We also measured transfers with a SanDisk Extreme 900 Portable SSD, provided by CalDigit and which we returned after testing. SanDisk announces that this disk can reach 850 MB / s in read as in write (against 450 MB / s for the Samsung T3). The USB 3.2 Gen 1 ports cannot take advantage of this speed: they cap at best at 5 Gbps, or 625 MB / s. However, the USB 3.2 Gen 2 ports, which reach 10 Gbps, can. We saw a slight improvement on the USB-A, at 347 MB ​​/ s in read and 309.7 MB / s in write, and the lowest port was once again significantly faster at 419.3 MB / s in read and 373.7 MB / s write. The difference between the two USB-C was striking: the slowest, on the front, reached 351 MB / s in reading and 313.3 MB / s in writing on average; the backend (Gen 2) was almost twice as fast, with 736.3 MB / s read and 605.7 MB / s write. We obtained even higher data rates by plugging the disk via its USB-C cable directly into the free Thunderbolt port of the dock: 829.7 MB / s in read and 734.3 MB / s in write. All this to say that the TS3 Plus manages high throughputs when combined with suitable equipment.

The TS3 Plus is one of the most compact docks on the market, which limits its size on the desk, especially if you place it vertically.

During our tests with the LaCie Bolt 3, a Thunderbolt 3 SSD, the speeds offered by the TS3 Plus were several times higher than those of the USB ports. However, like all competitors, it did not achieve the same speeds as connecting the drive directly to the computer's Thunderbolt port, nor the maximum transfer speed announced by LaCie. By connecting the player directly to the computer, we got an average read speed of 2,229 MB / s (17.83 Gbps); through the TS3 Plus, the speed remained very close, at 2,173 MB / s (or 17.39 Gbps). Read speeds suffered more, going from 953.3 MB / s (7.63 Gbps) in direct connection to 704.7 MB / s (5.64 Gbps) via the dock. Again, these results are comparable to those obtained at other docks, and these figures indicate extremely fast transfers compared to those of most other types of connections. However, don't buy this dock (or any dock) expecting to get the same performance as if you plug the fastest Thunderbolt 3 drives directly into your computer.

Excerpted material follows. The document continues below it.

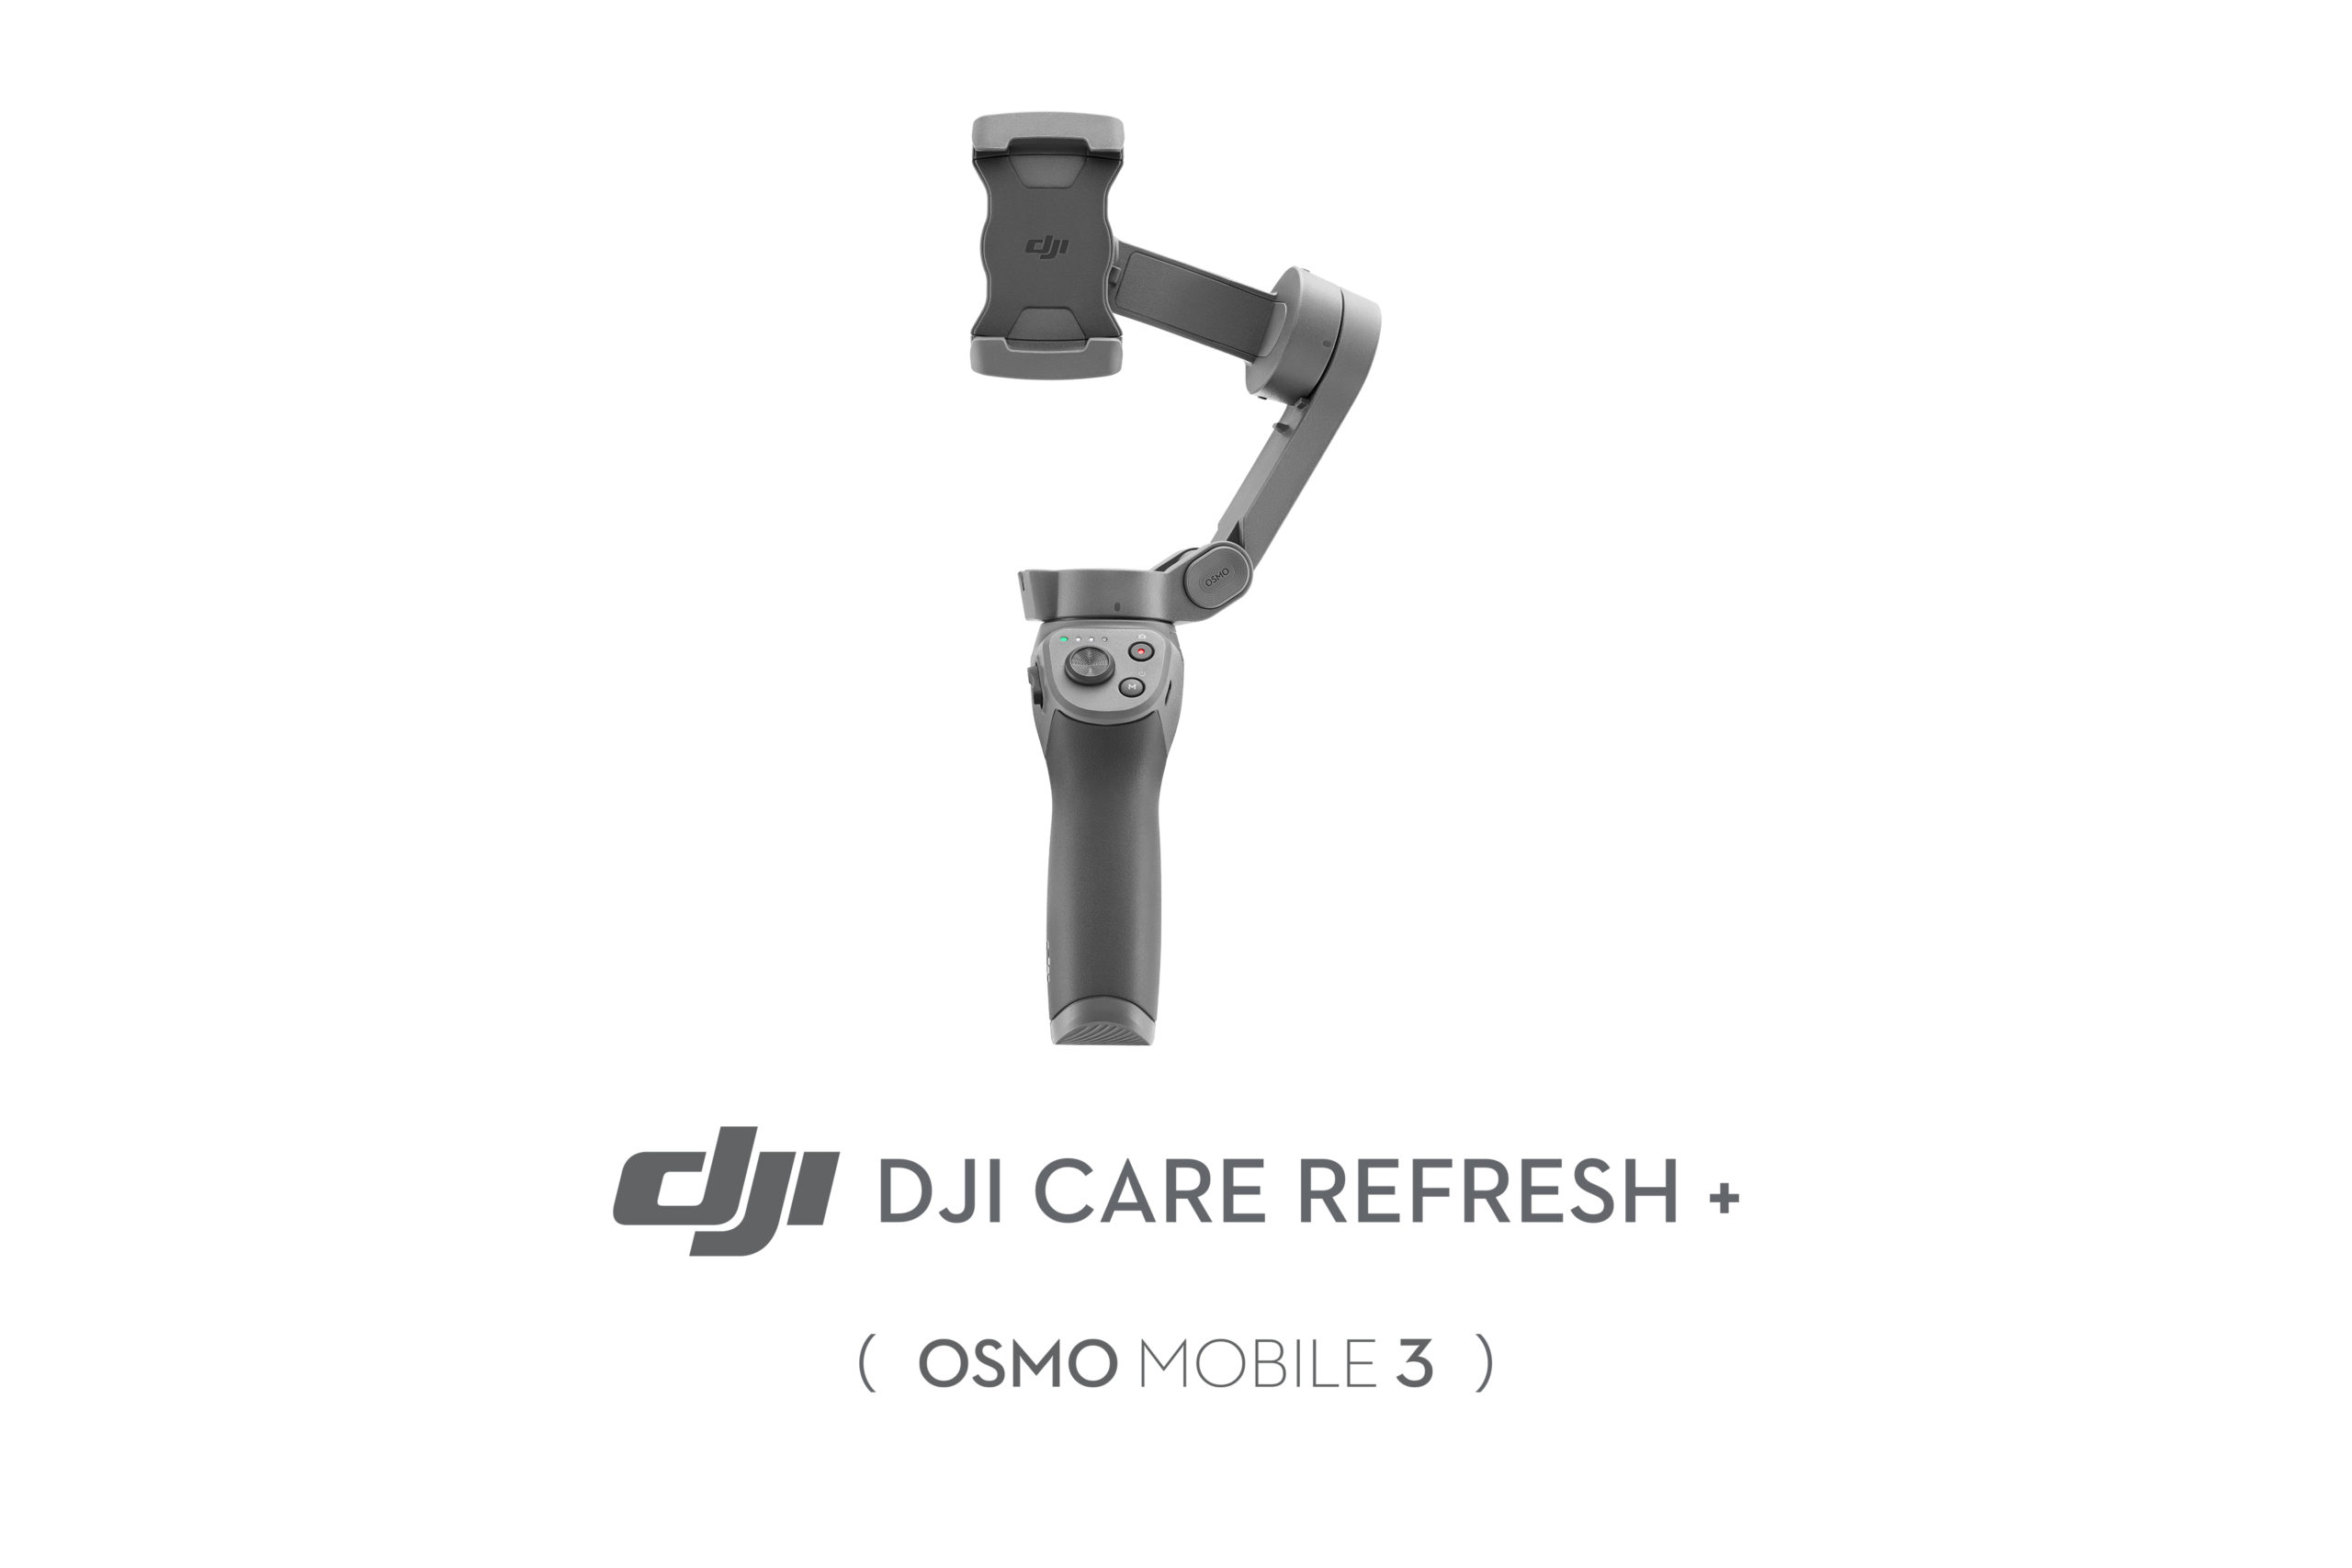 DJI Care Refresh Plus Osmo Mobile 3

The TS3 Plus SD reader offered data rates comparable to all the other models tested: the data was read on average at 88.7 MB / s and written at 77 MB / s. This is slower than the results of a dedicated card reader, measured in our guide on the best SD cards (article in English), but this remains respectable.

Four of the CalDigit dock's USB-A ports provide power of 7.5 W each (1.5 A and 5 V), which is less than the power delivered by a good dedicated USB charger (guide in English) but similar to results from other docks. The fifth port, closest to the edge, is limited to a 2.5 W (0.5 A) power supply: it is therefore more suitable for transferring data than charging a phone or tablet. Unfortunately, there is no label to indicate that this port is less powerful than the others. The two USB-C ports are also limited to a power of 2.5 W.

Most Thunderbolt docks, like this one, use the DisplayPort for video output. We measured the expected refresh rate, 60 Hz, by plugging a 4K monitor into the dock.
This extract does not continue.